They lost a piece of girlhood, then reclaimed it in an unlikely place

Isolated by covid and technology, young women go on a quest for friendship at the formerly boys-only Scouts National Jamboree

August 10, 2023 at 6:00 a.m. EDT
Lucy Hurd, center, 13, and Mia Strouder, 14, participate in an archery class at the National Jamboree in Glen Jean, W.Va., on July 21. (Photos by Michael S. Williamson/The Washington Post)
13 min

GLEN JEAN, W.Va. — At any moment, Audrey Perez knew it could all fall apart.
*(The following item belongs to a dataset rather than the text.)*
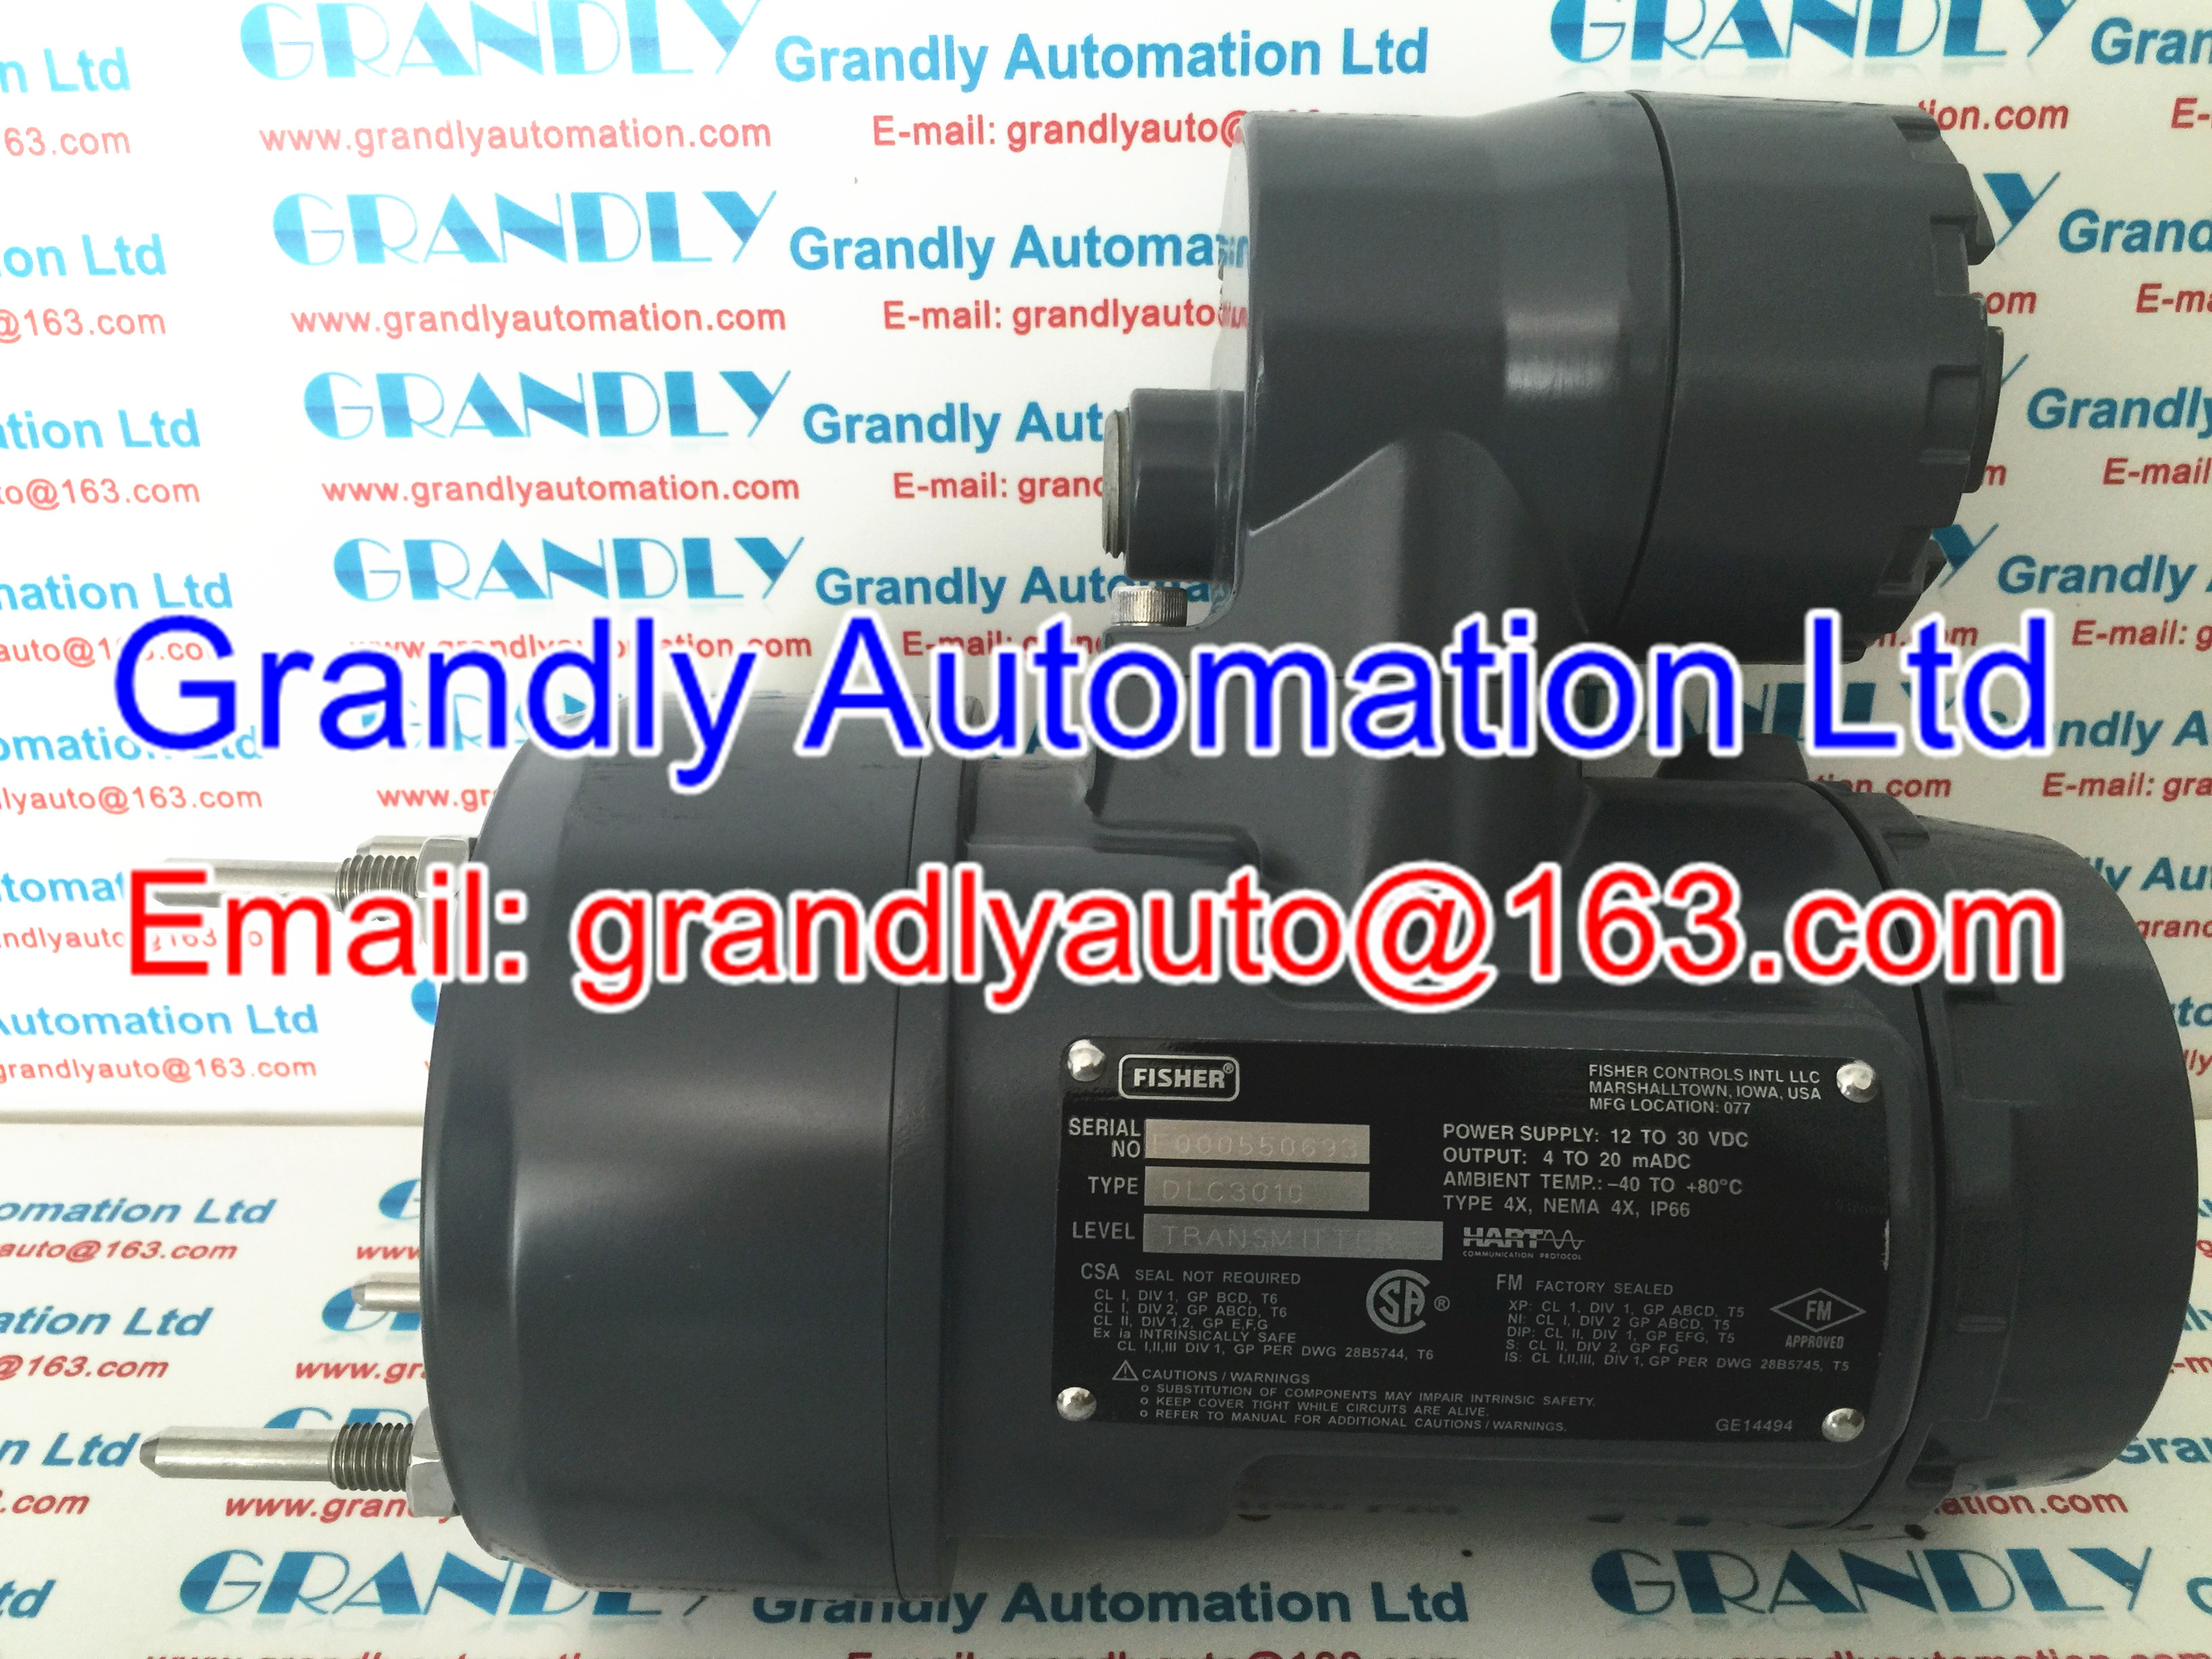 Supply *New in Box* Fisher Fieldvue DLC3010 Digital Level Controller - grandlyauto@163.com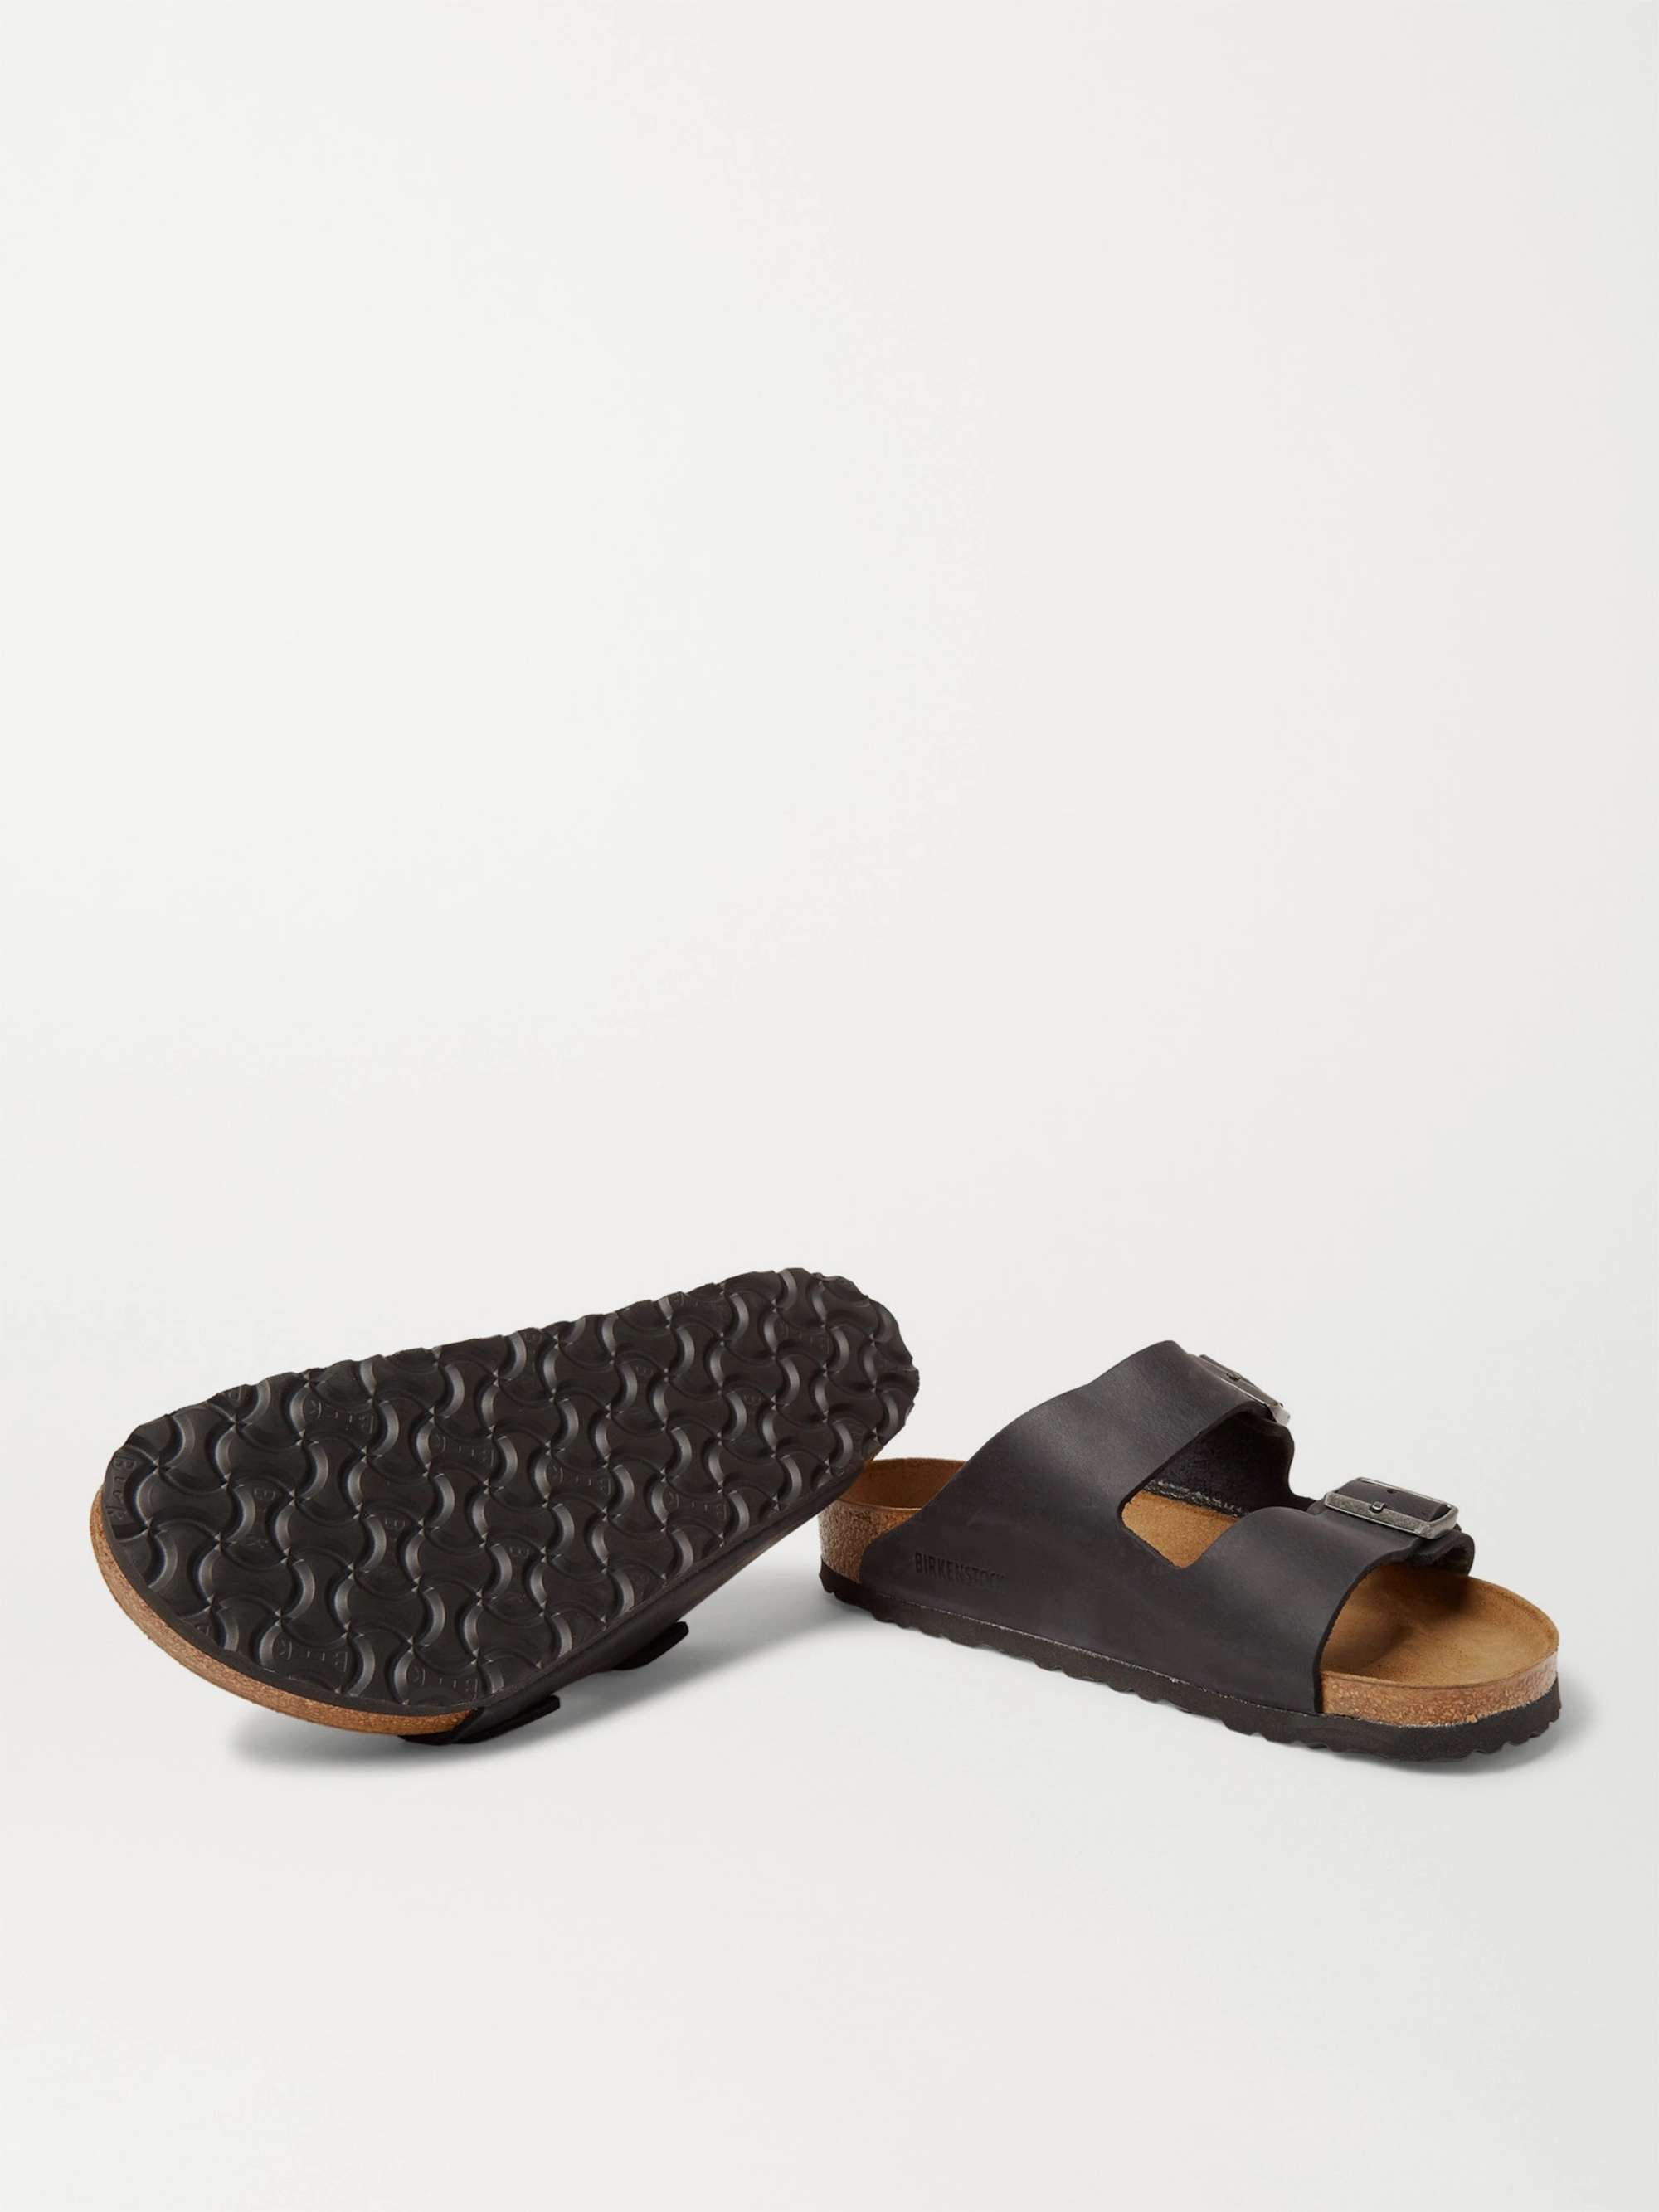 BIRKENSTOCK Arizona Oiled-Leather Sandals

The 16-year-old sat on a piece of tarp and stared at Mia Strouder on the other side of the wooden Jenga tower: three feet tall and already trembling under its own weight.

Audrey had barely survived her turn. She tugged a block at the tower’s rickety bottom while her two companions, 14-year-old Mia and 13-year-old Lucy Hurd, chanted: “Fall! Fall! Fall!”

Now it was Mia’s turn. Unlike Audrey, Mia didn’t mind bending the rules: She leaned her head against the tower to keep it from falling, or used her other hand to steady the wobbly column as she tap-tap-tapped a block out from the tower.

“You guys are such cheaters,” Audrey grumbled as Mia again employed her questionable tactics.

“That’s just being creative,” Mia replied.

In ordinary circumstances, Audrey may not have been friends with Mia and Lucy. Sophomore year was in the rearview for Audrey, while Mia and Lucy had just finished middle school. Only a couple of years separated them, but they were worlds apart.

Audrey was stoic and driven; she taught herself sign language and had decent aim with firearms and bows and arrows. Mia and Lucy giggled about boys and peppered their conversations with TikTok-isms — “gang gang” and “thank you to my man” — which Audrey, for the most part, ignored.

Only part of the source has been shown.